On 18/06/08 10:41 PM Teus Benschop wrote:
Neil Mayhew wrote:
I'm not sure this should be a requirement of the build process. git
needs to be on the machine where bibledit will run, but as far as I
can tell it's not needed to build bibledit. So I don't think the
configure script should require it.
Without the git program bibledit is rather crippled. For that reason
the ./configure script checks that git is there. The configure script
also check that zip is there, and tee, and unzip and gzip, and so on,
a whole lot of dependencies that are not needed to build, but are
required for proper operation of Bibledit.
I agree, but I don't think that configure is the right place to do it.
Git is required at ./configure stage, because I am afraid that if
this would not be done there would be people who just install it
without git, and forget about the rest being lazy, and then make
support calls saying this or that functionality does not work, and
what to do.
Again, I see your point, but configure doesn't entirely solve the
problem.

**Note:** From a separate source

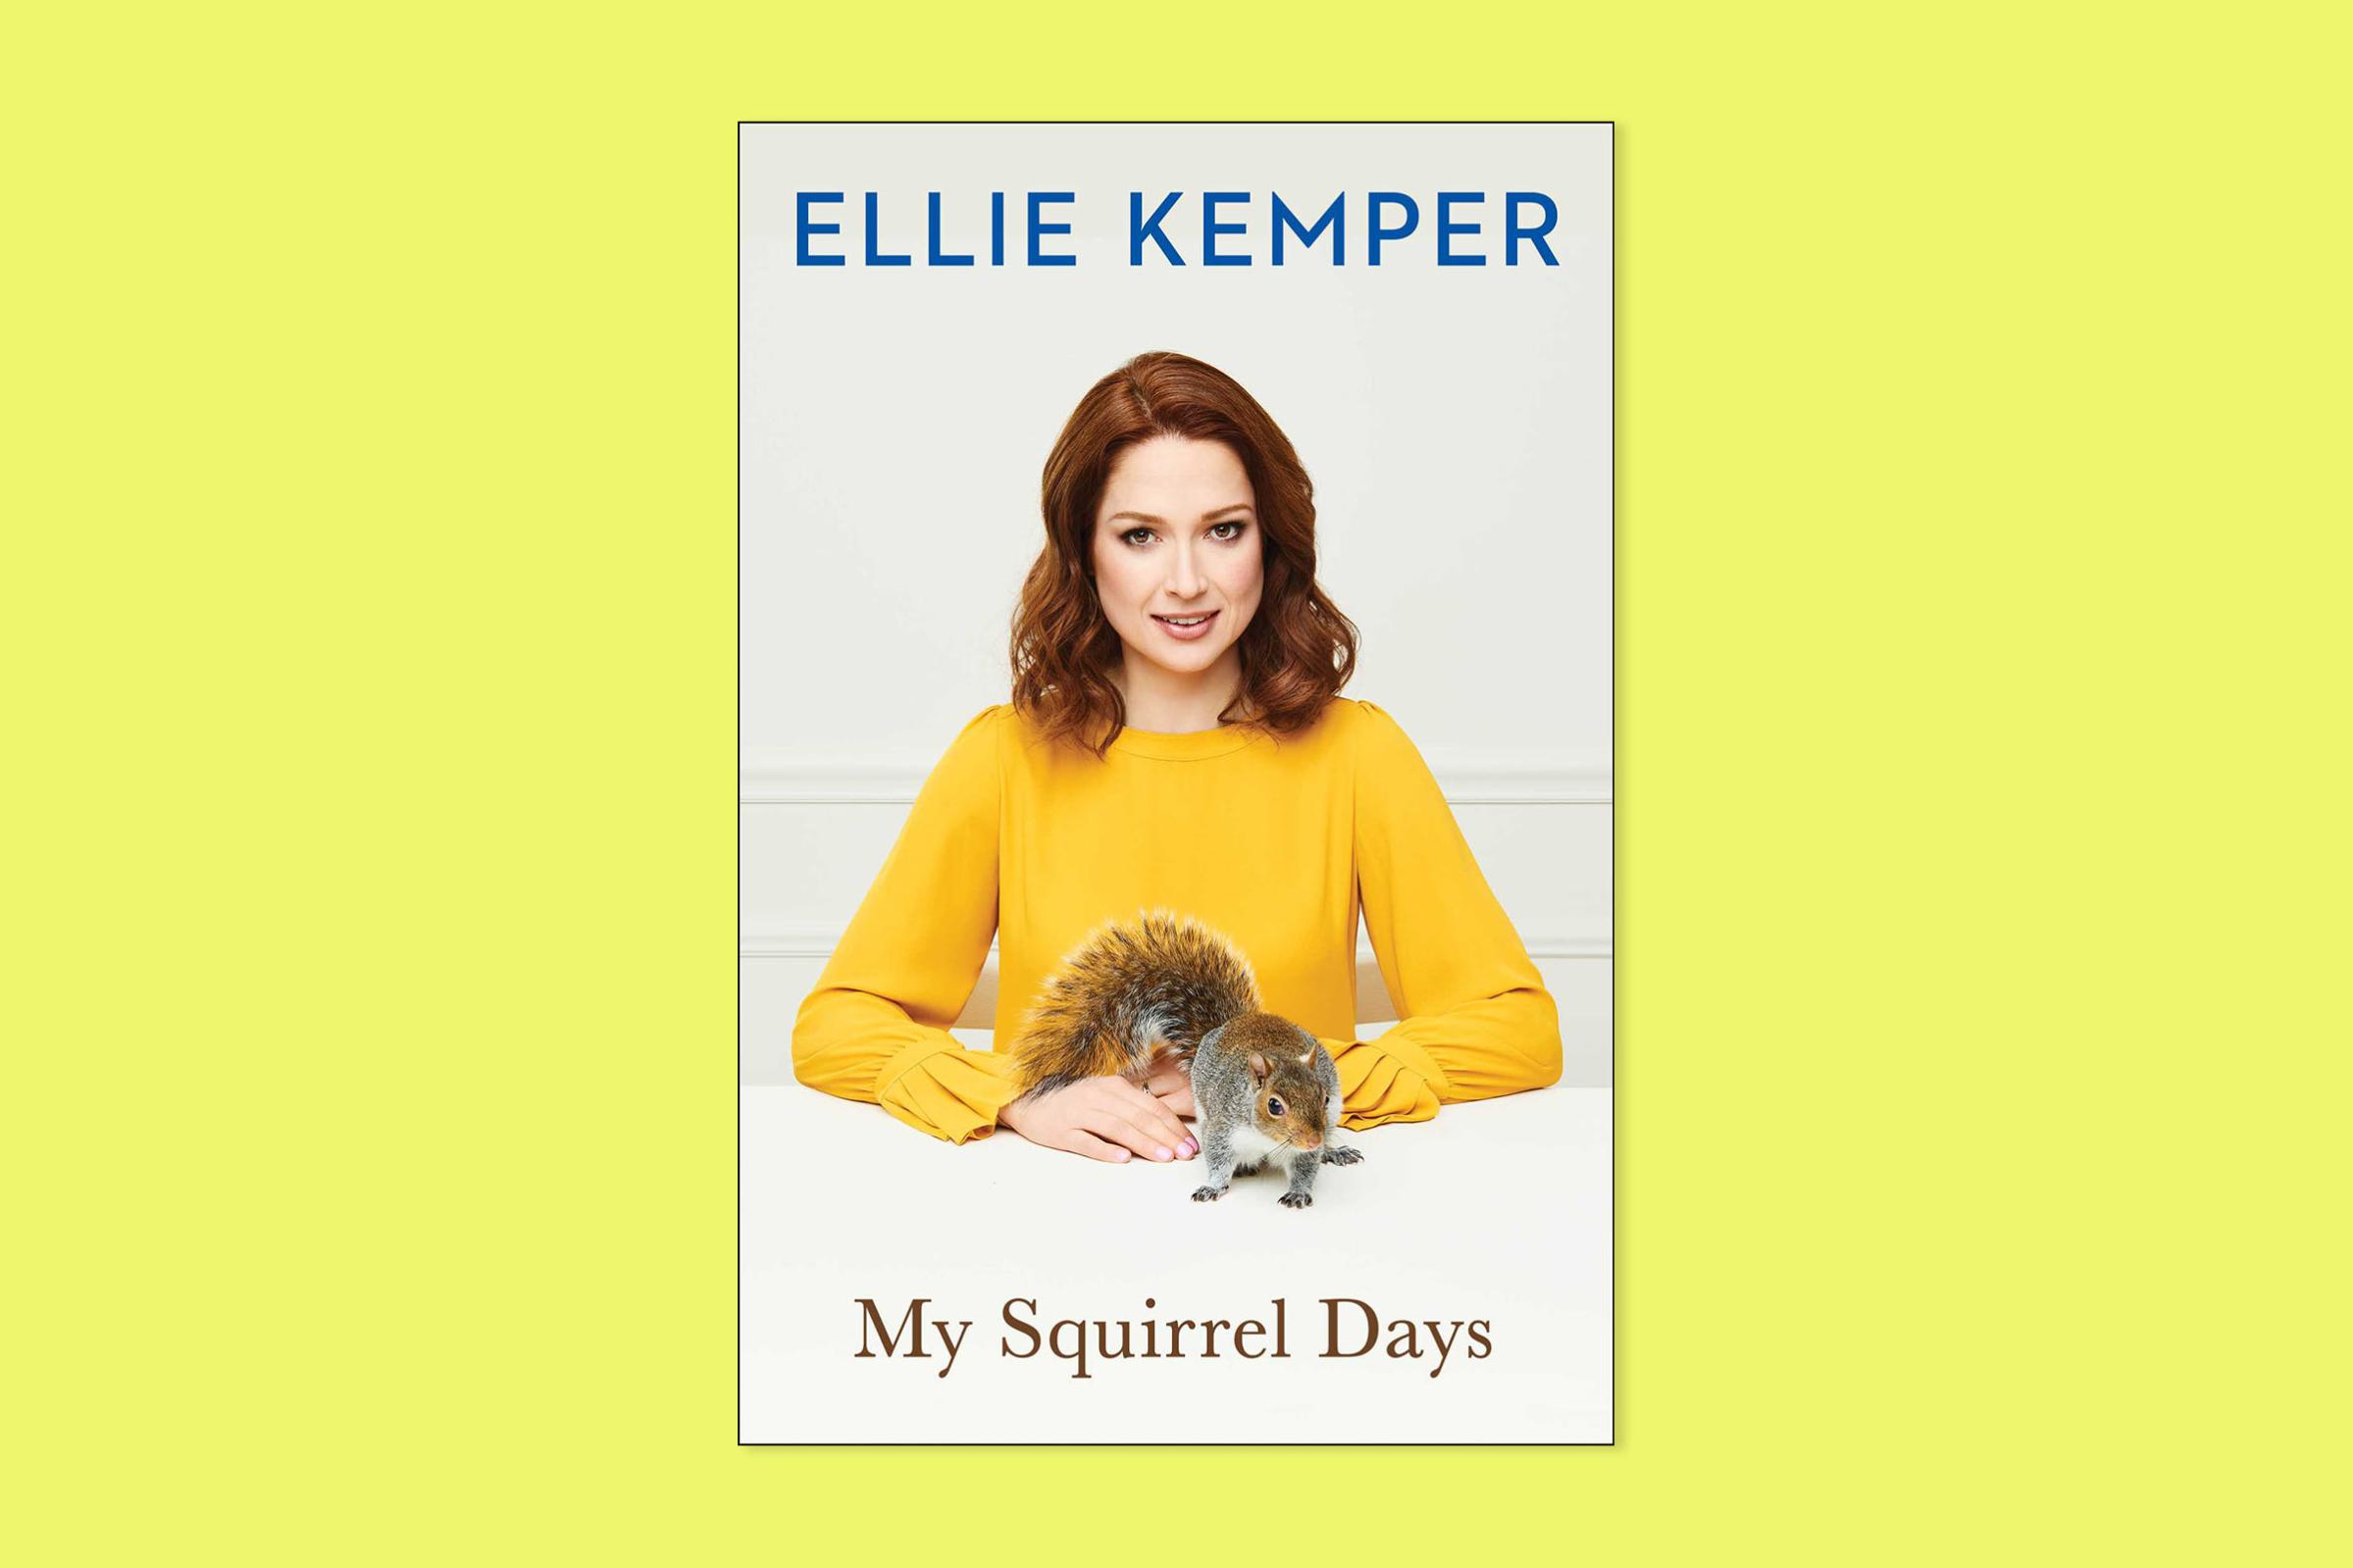 My Squirrel Days by Ellie Kemper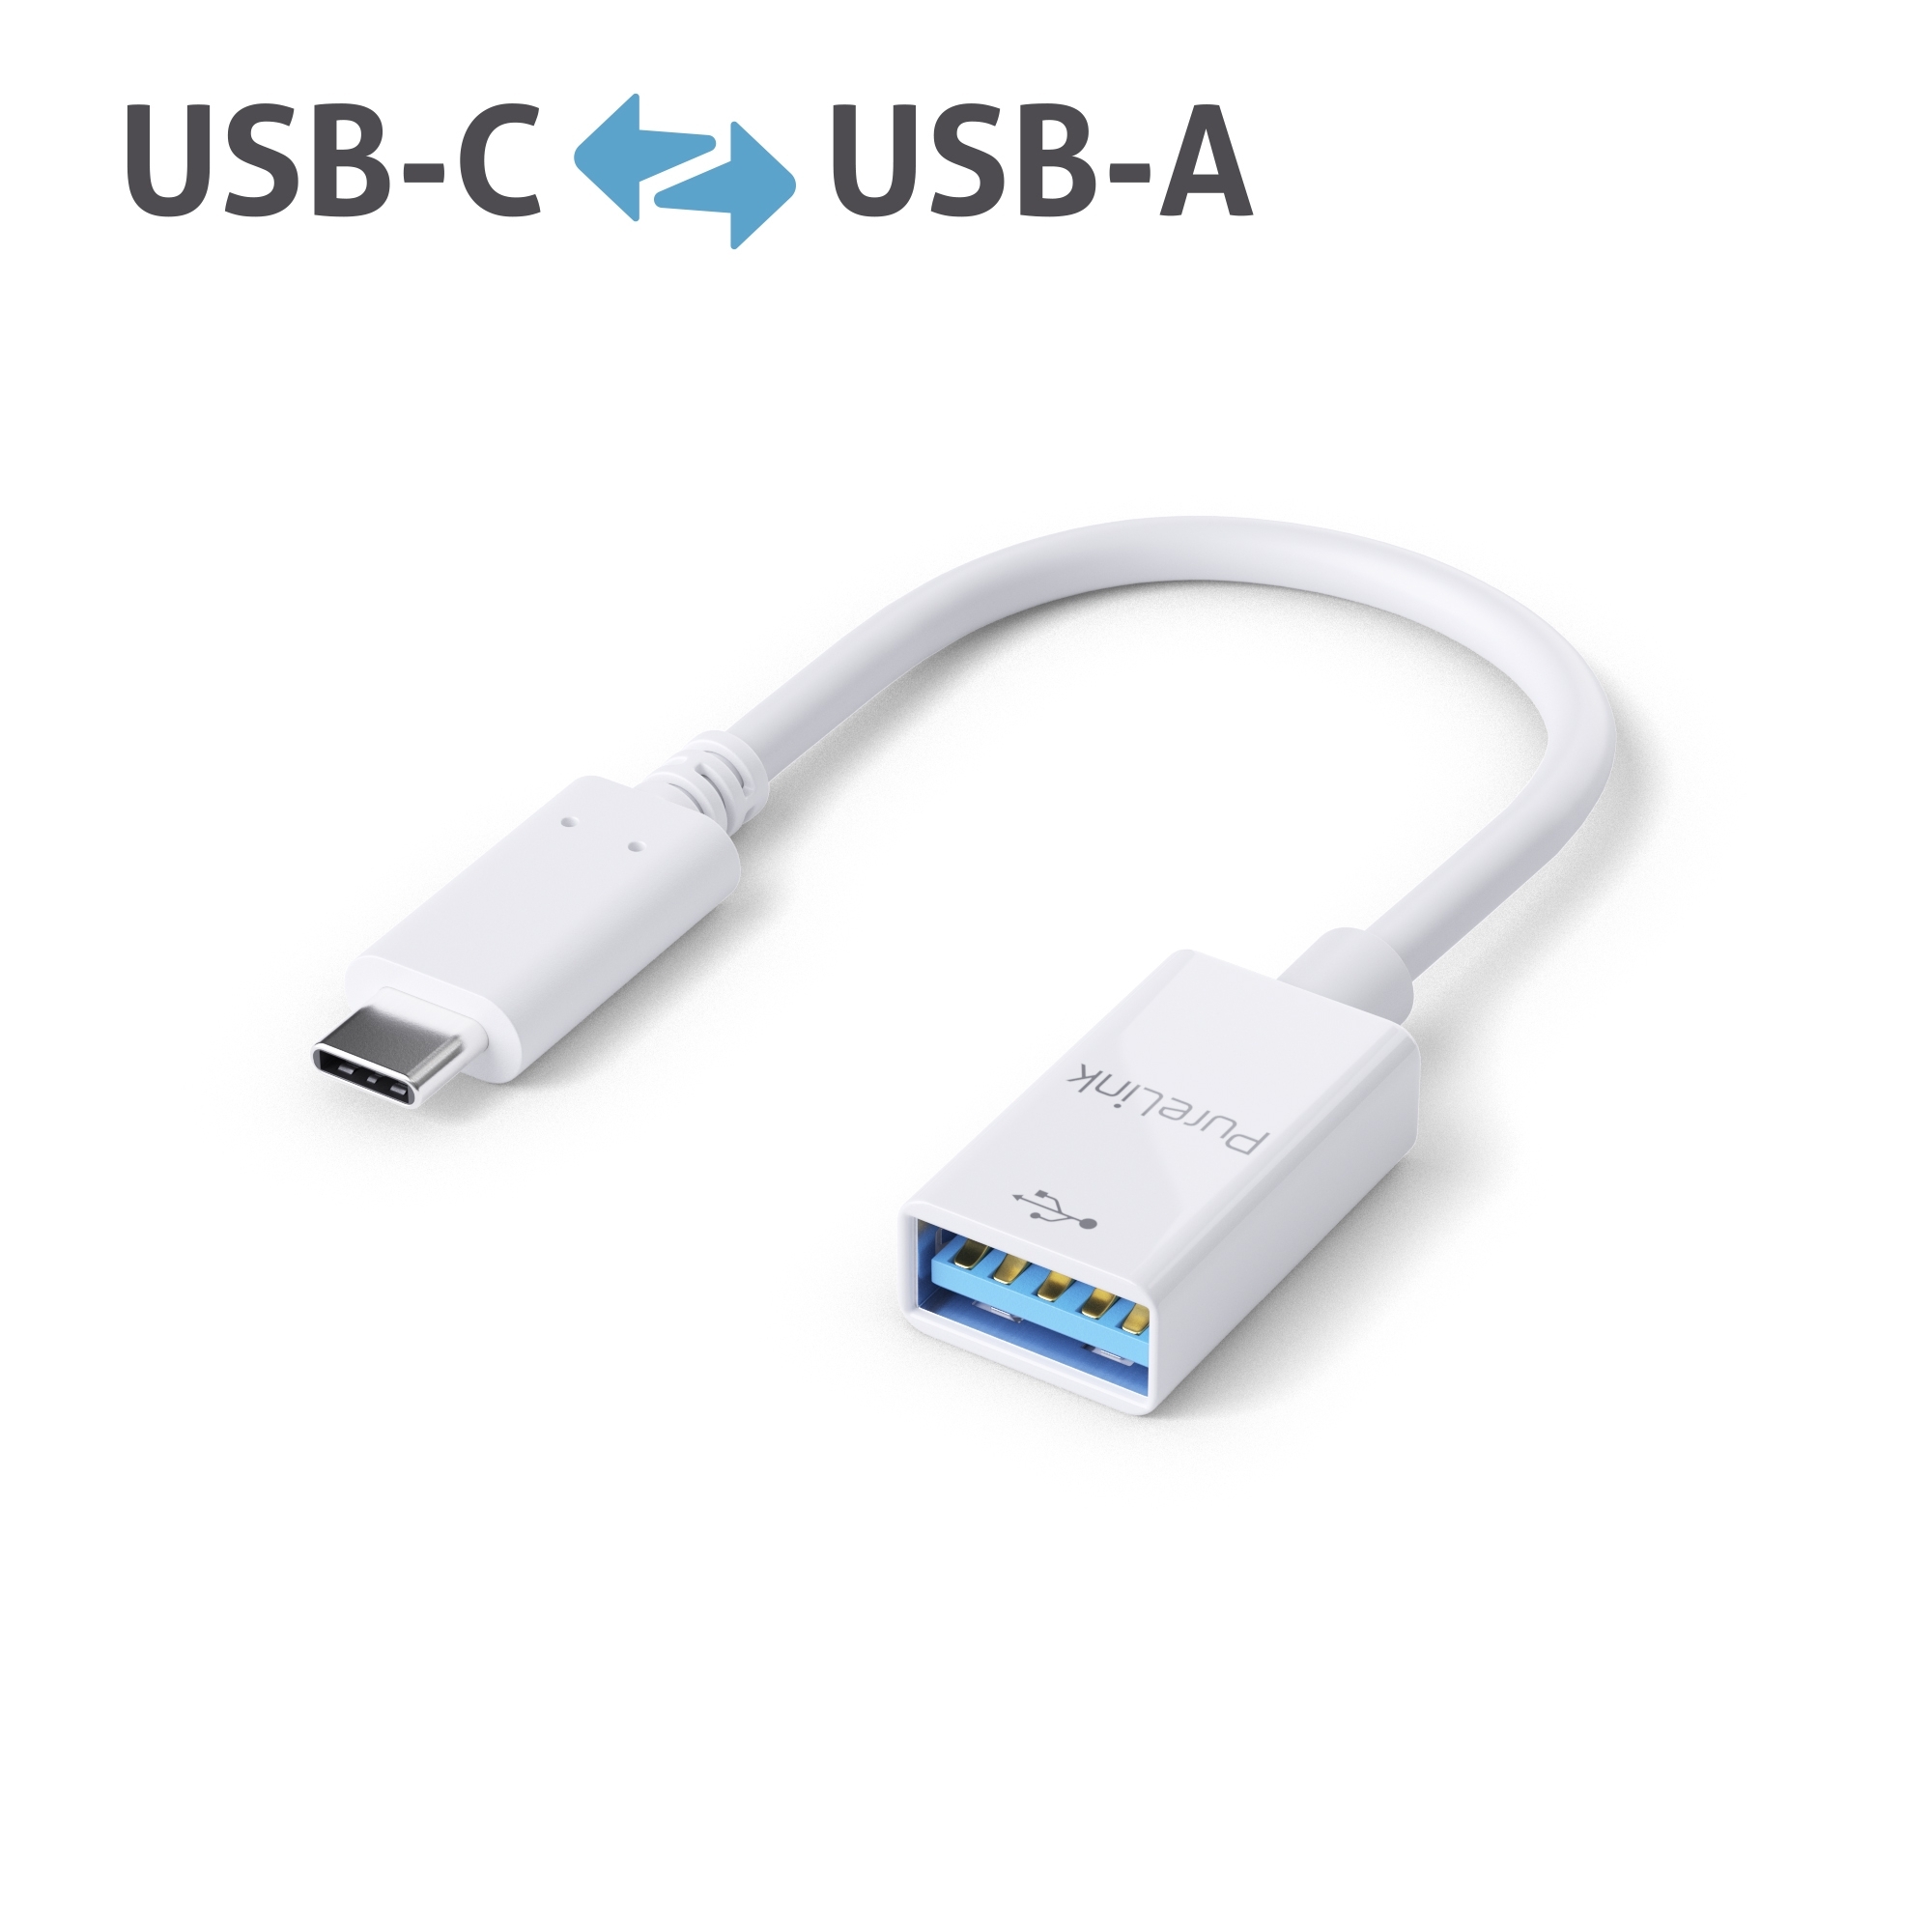 PureLink IS230 USB-C auf USB-A Adapter - USB 3.1 Gen 1 - iSerie 0,10m

It does, for people building from source and installing on
the same machine, but hopefully this will become quite rare as
Bibledit becomes packaged (and kept up-to-date) for various systems.
However, it doesn't solve the problem for someone who is given a
binary from a friend, or who copies it to one of their other
computers, or who subsequently removes one of the necessary packages
(like git) from their system.
I think it would be much better to have a check in Bibledit at
startup, so that it refuses to run if git, zip, tee, gzip etc. aren't
there. You can do that like this:
if (system("which git") != 0 || system("which zip") != 0 || ... )
refuseToRun();
You could, of course, factor that into a subroutine that takes an
array of command names and returns a single result.